The data |
━━━━

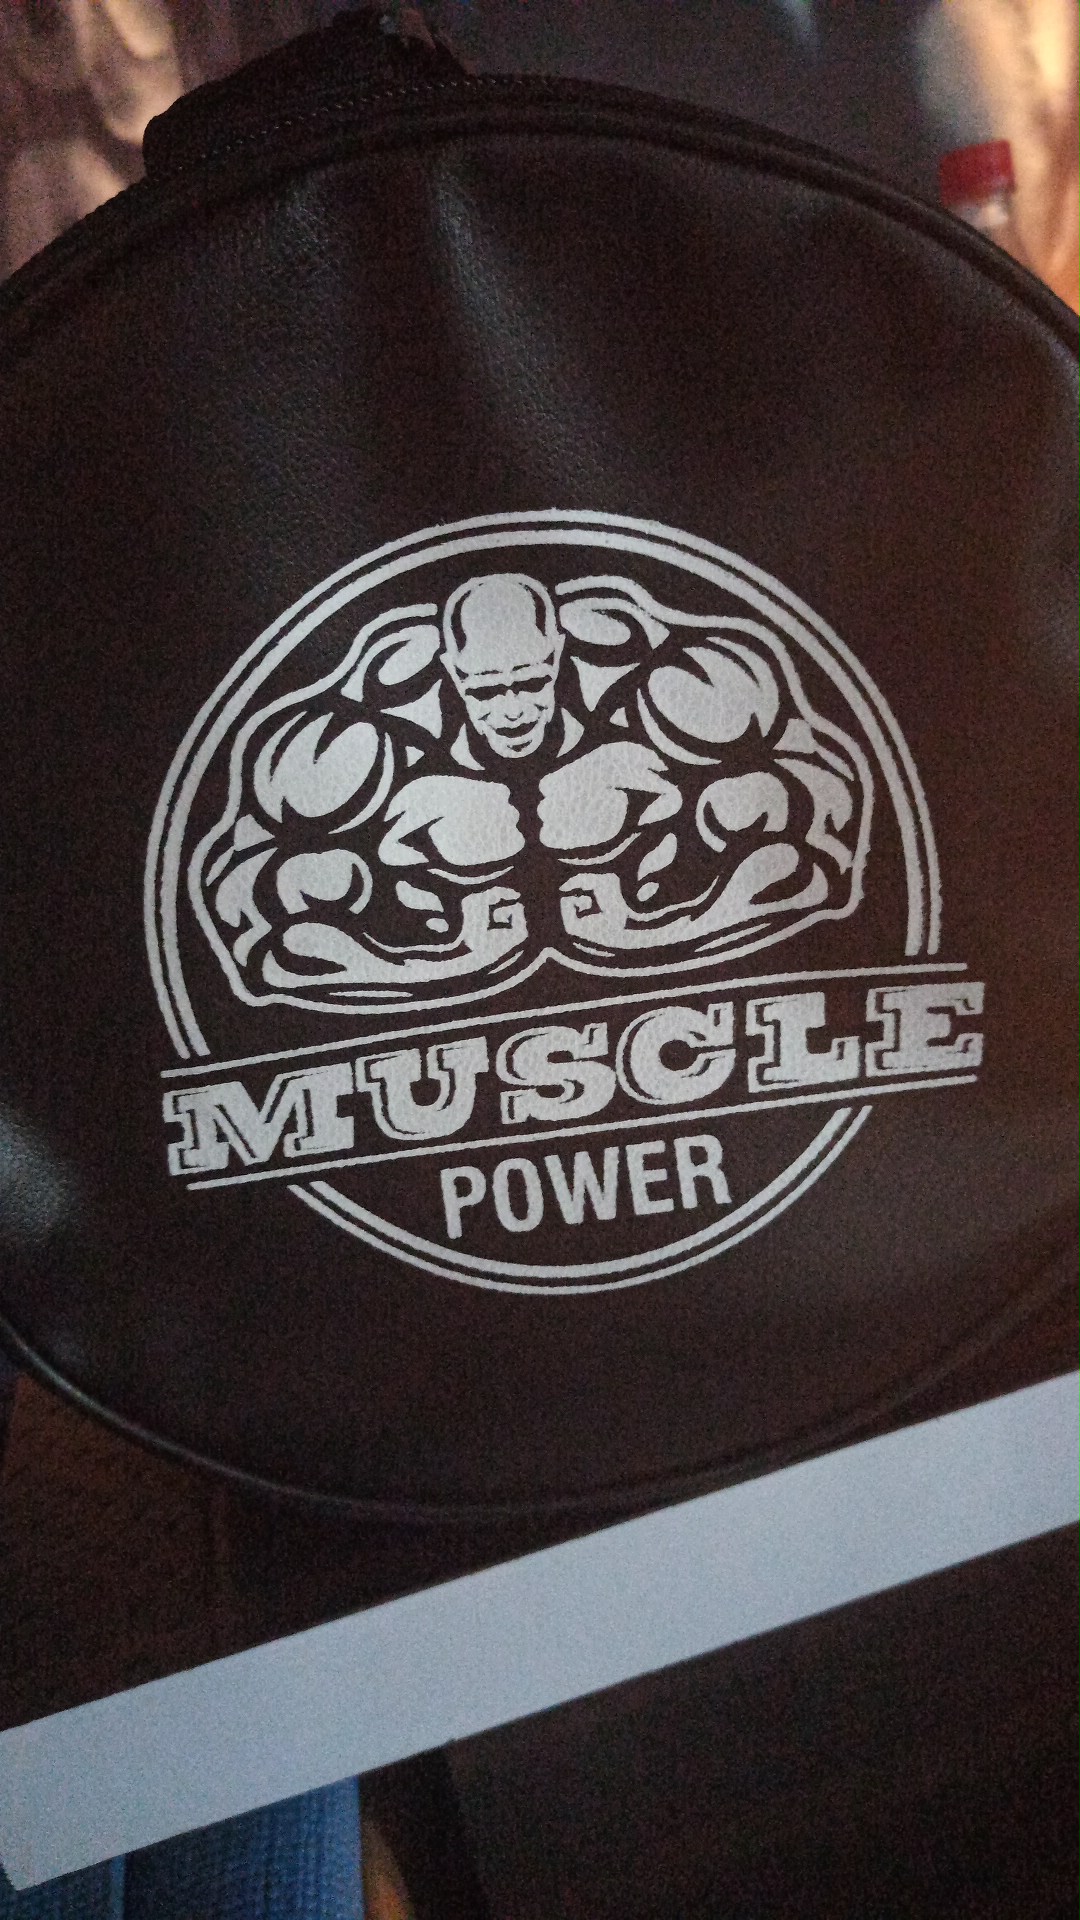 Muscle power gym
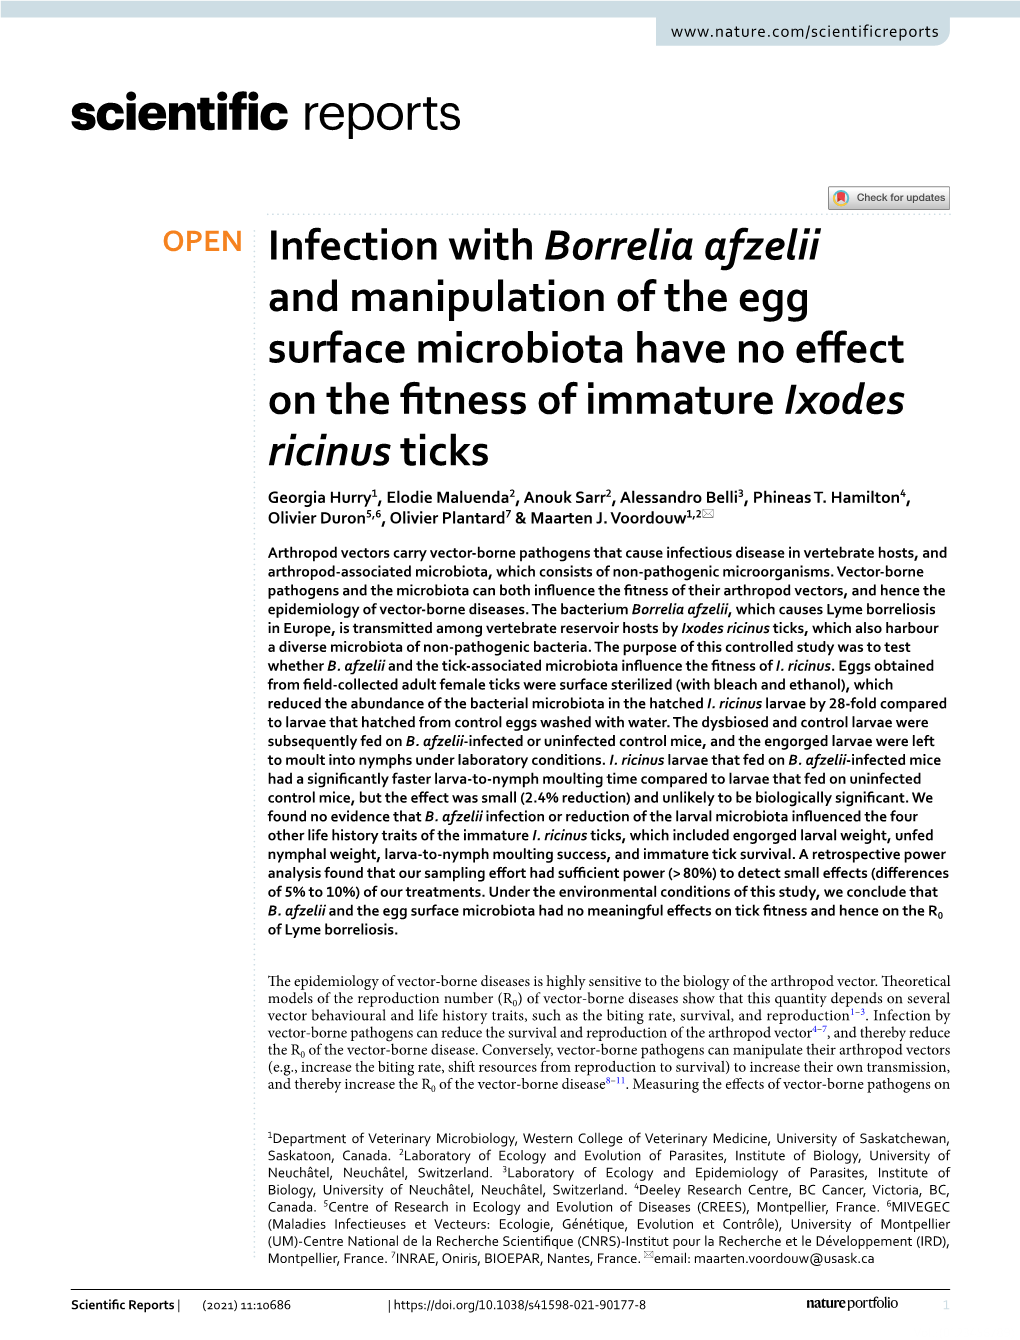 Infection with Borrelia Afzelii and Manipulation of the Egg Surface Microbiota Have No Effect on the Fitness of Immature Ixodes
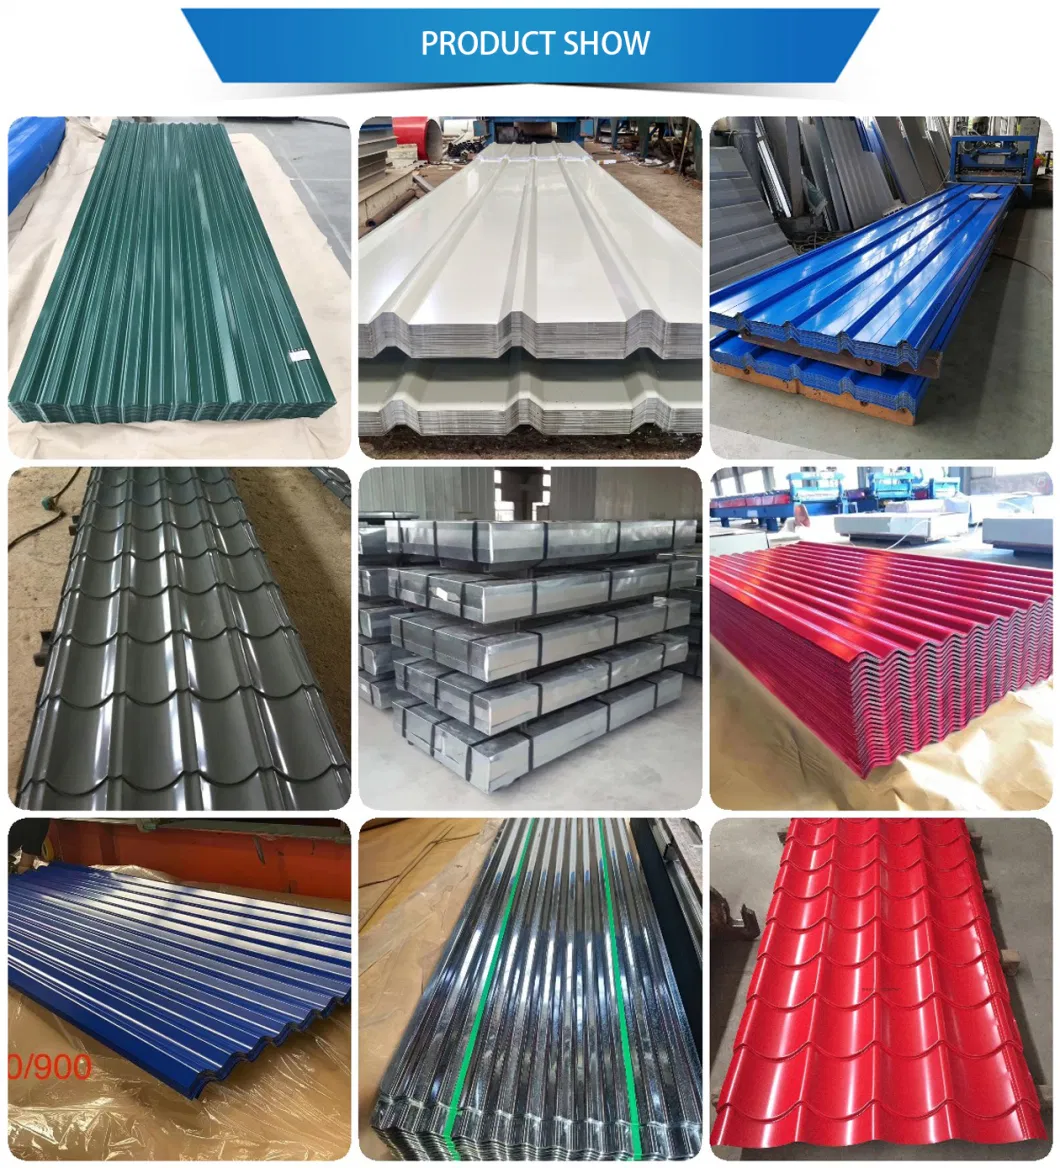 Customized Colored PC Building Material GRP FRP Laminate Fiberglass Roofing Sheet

━━━━

Instructions to follow | Find the line with "Infection with Borrelia" in the listing above, then write it out along with every later line through the last one, exactly, omitting pictures.

Exercise response |
 Infection with Borrelia Afzelii and Manipulation of the Egg Surface Microbiota Have No Effect on the Fitness of Immature Ixodes
 Customized Colored PC Building Material GRP FRP Laminate Fiberglass Roofing Sheet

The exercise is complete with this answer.